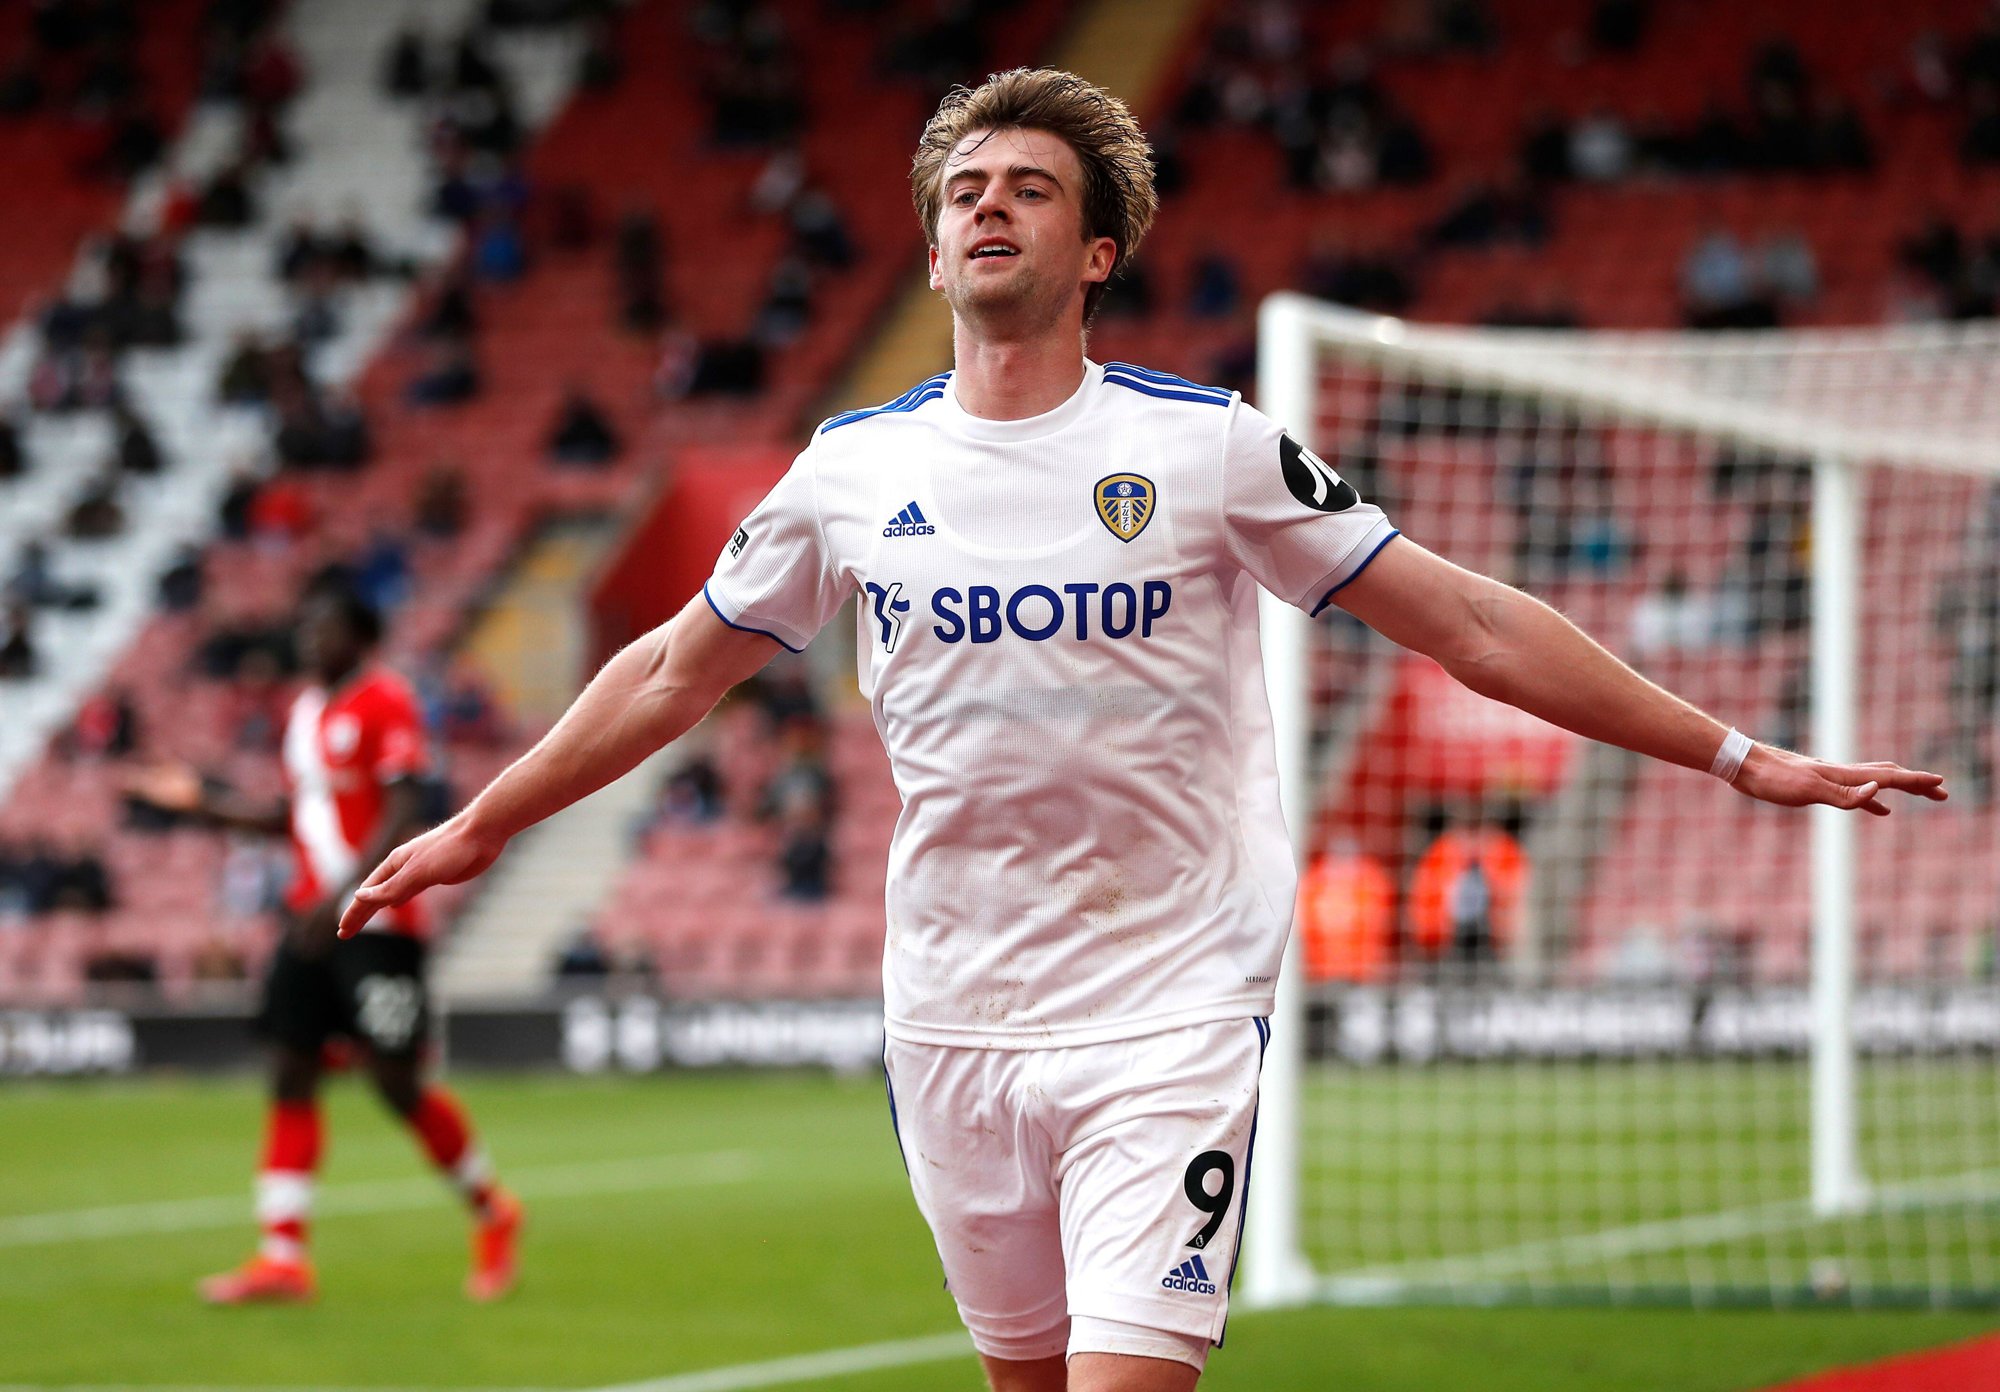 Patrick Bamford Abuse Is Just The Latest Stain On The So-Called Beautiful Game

· · ·

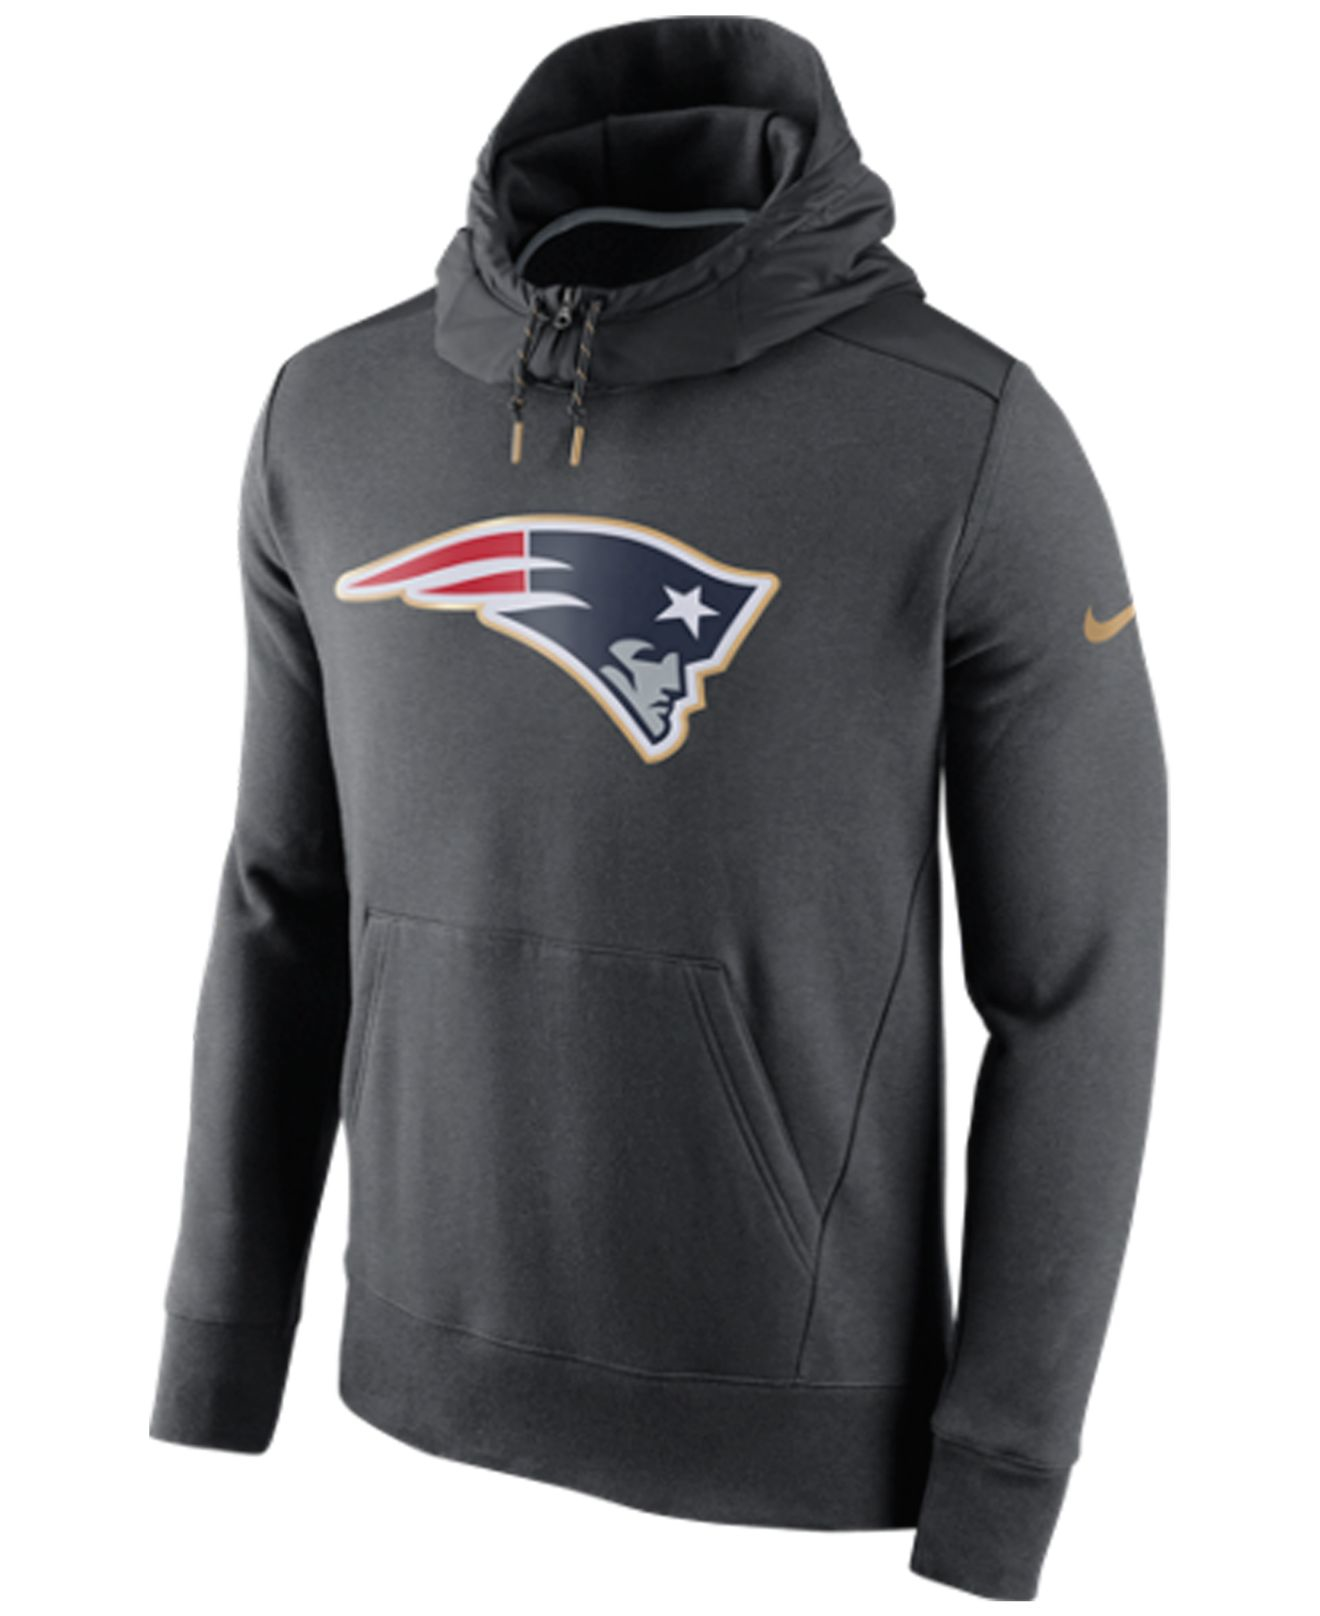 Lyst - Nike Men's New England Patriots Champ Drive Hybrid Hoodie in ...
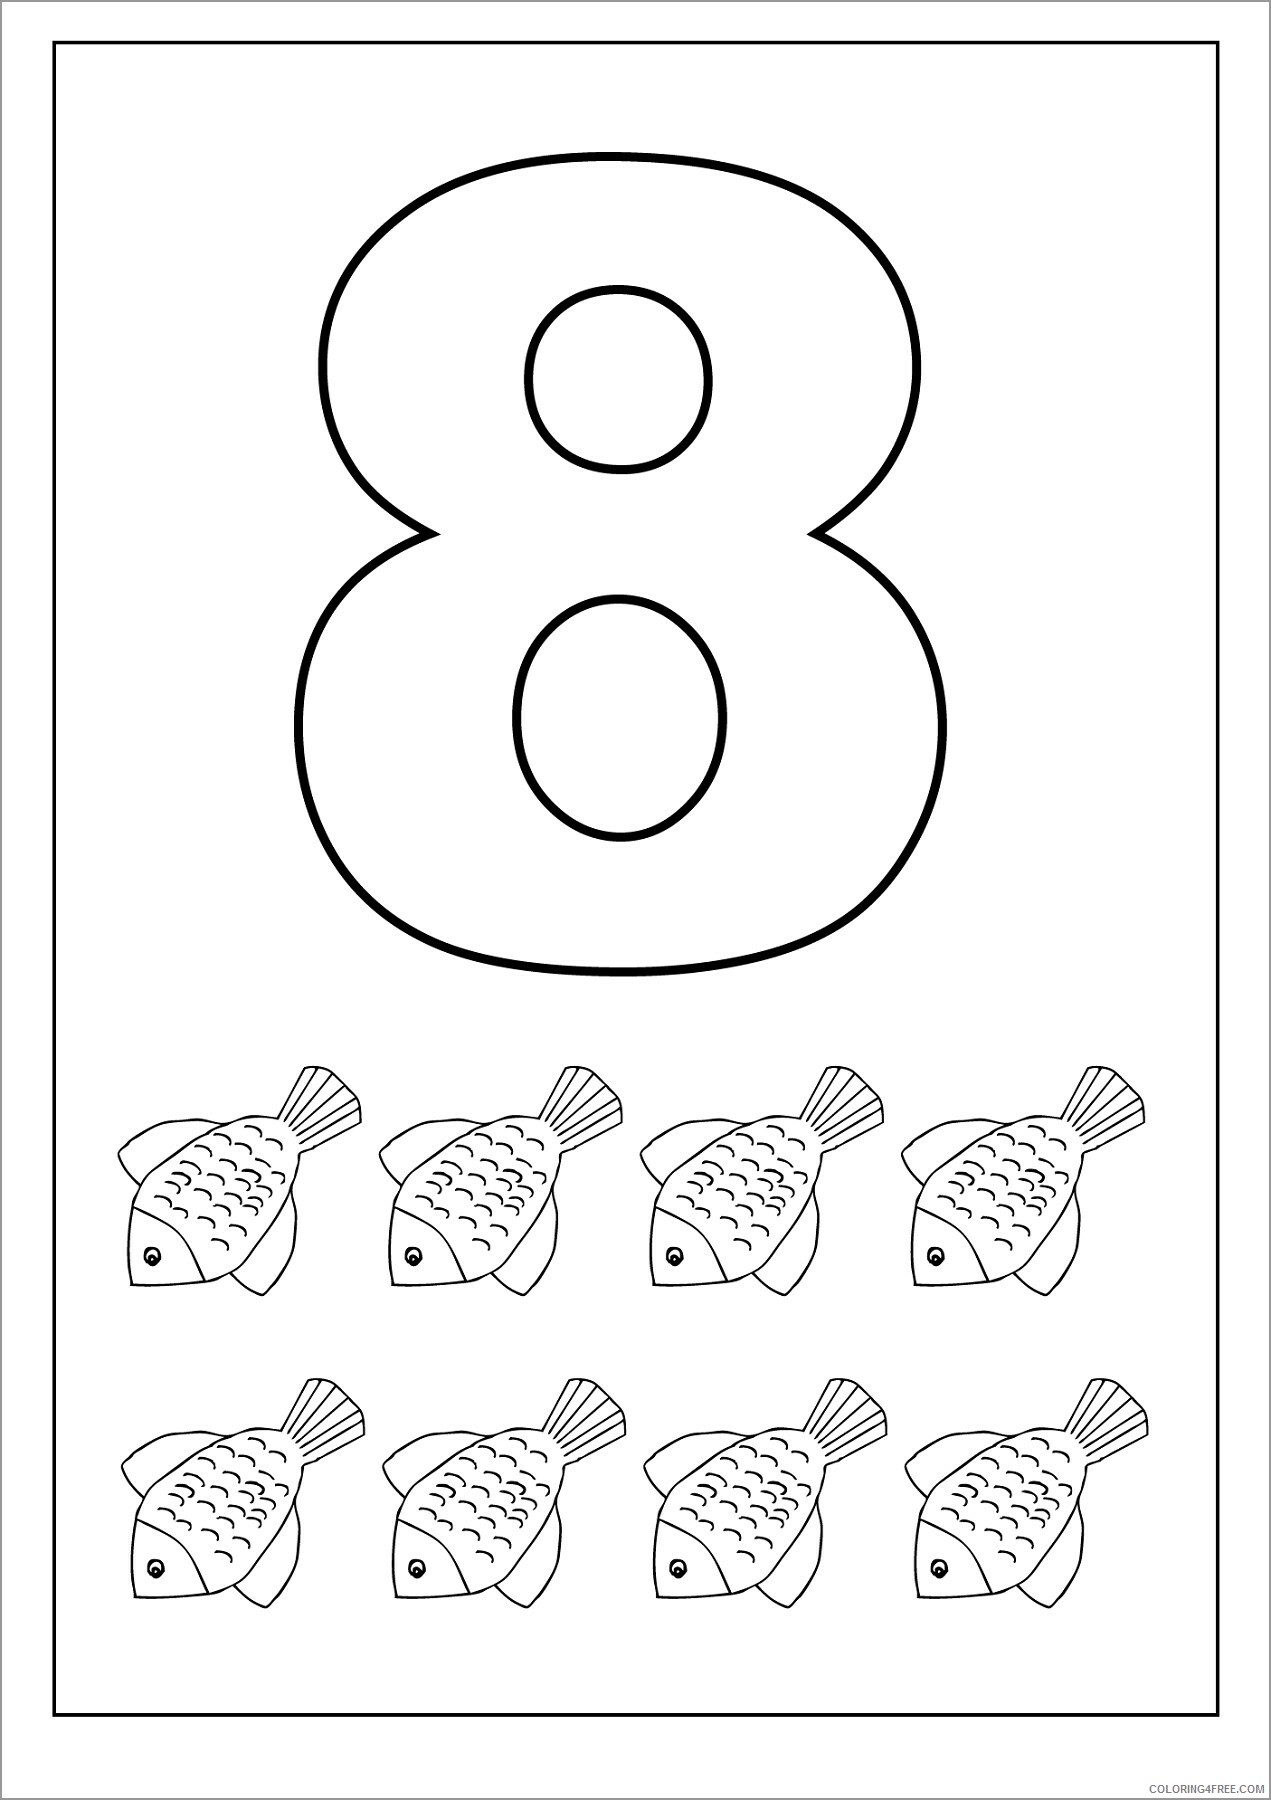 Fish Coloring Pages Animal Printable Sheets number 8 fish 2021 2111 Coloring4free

· · ·

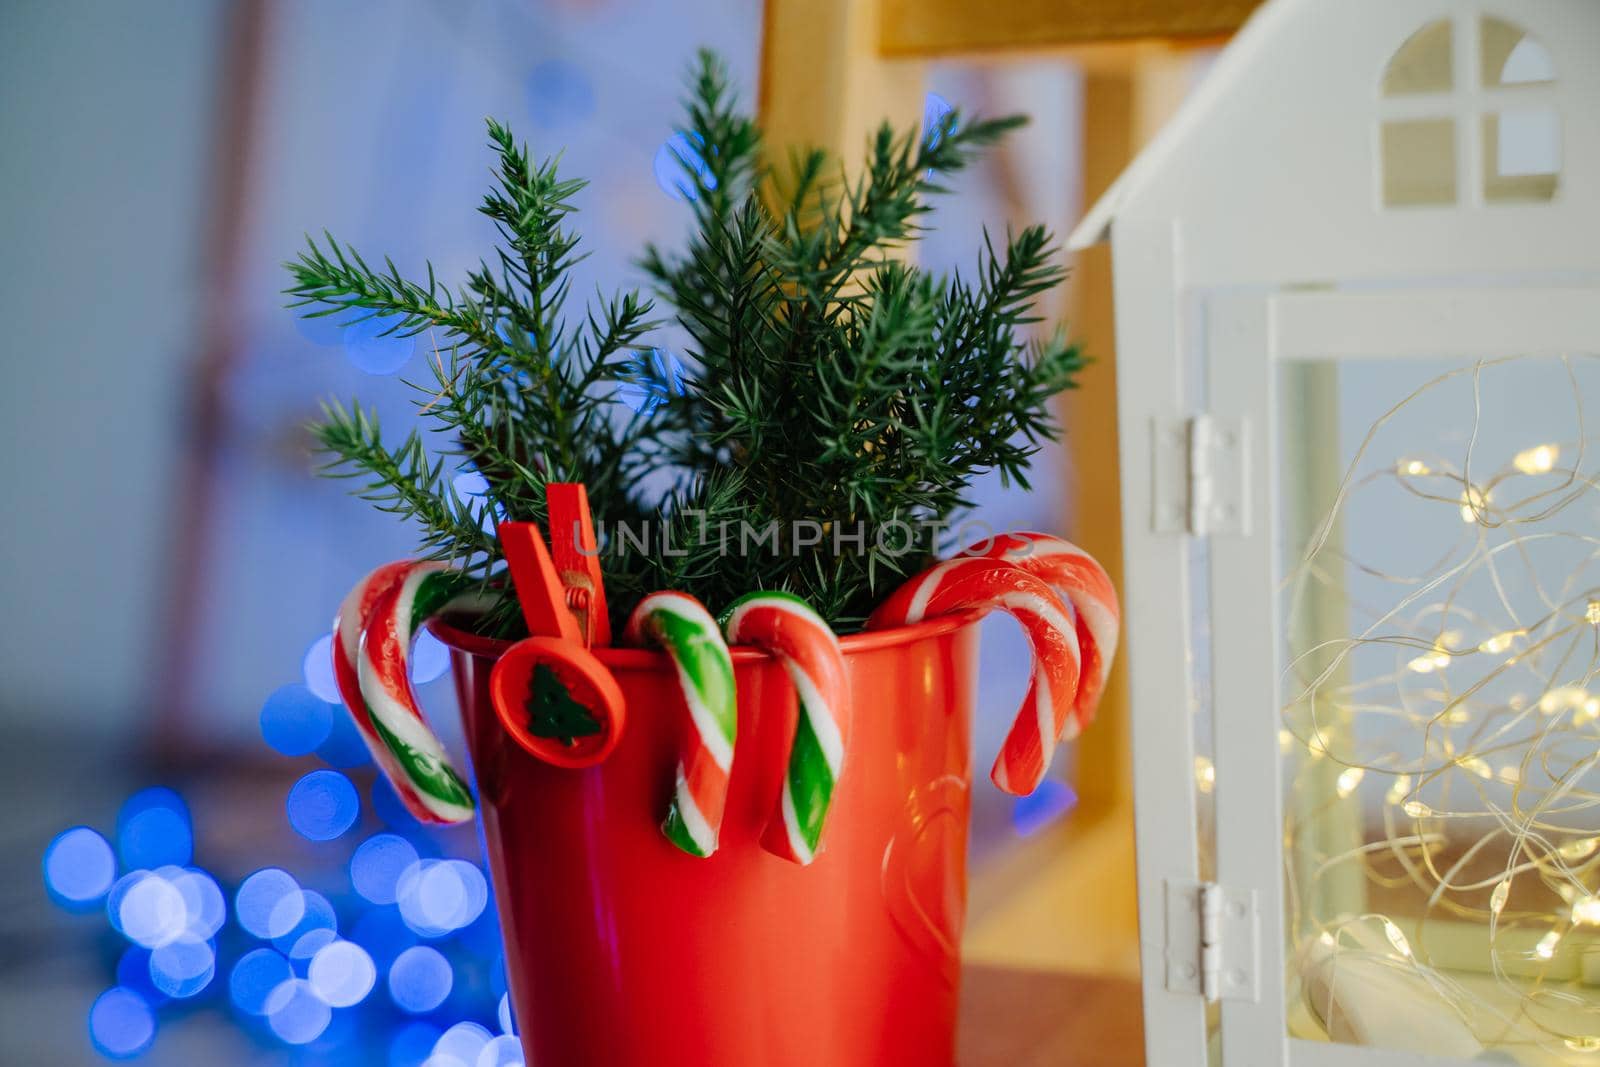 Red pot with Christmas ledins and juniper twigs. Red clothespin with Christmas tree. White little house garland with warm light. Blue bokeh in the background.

· · ·

#### [TASK PROMPT]
Because only one stretch of the records is wanted, please output the lines from the one holding "Lyst - Nike" through the one holding "Fish Coloring Pages" exactly, both included, and leave every picture out.

#### [SOLUTION FOR THIS EXERCISE]
 Lyst - Nike Men's New England Patriots Champ Drive Hybrid Hoodie in ...
 Fish Coloring Pages Animal Printable Sheets number 8 fish 2021 2111 Coloring4free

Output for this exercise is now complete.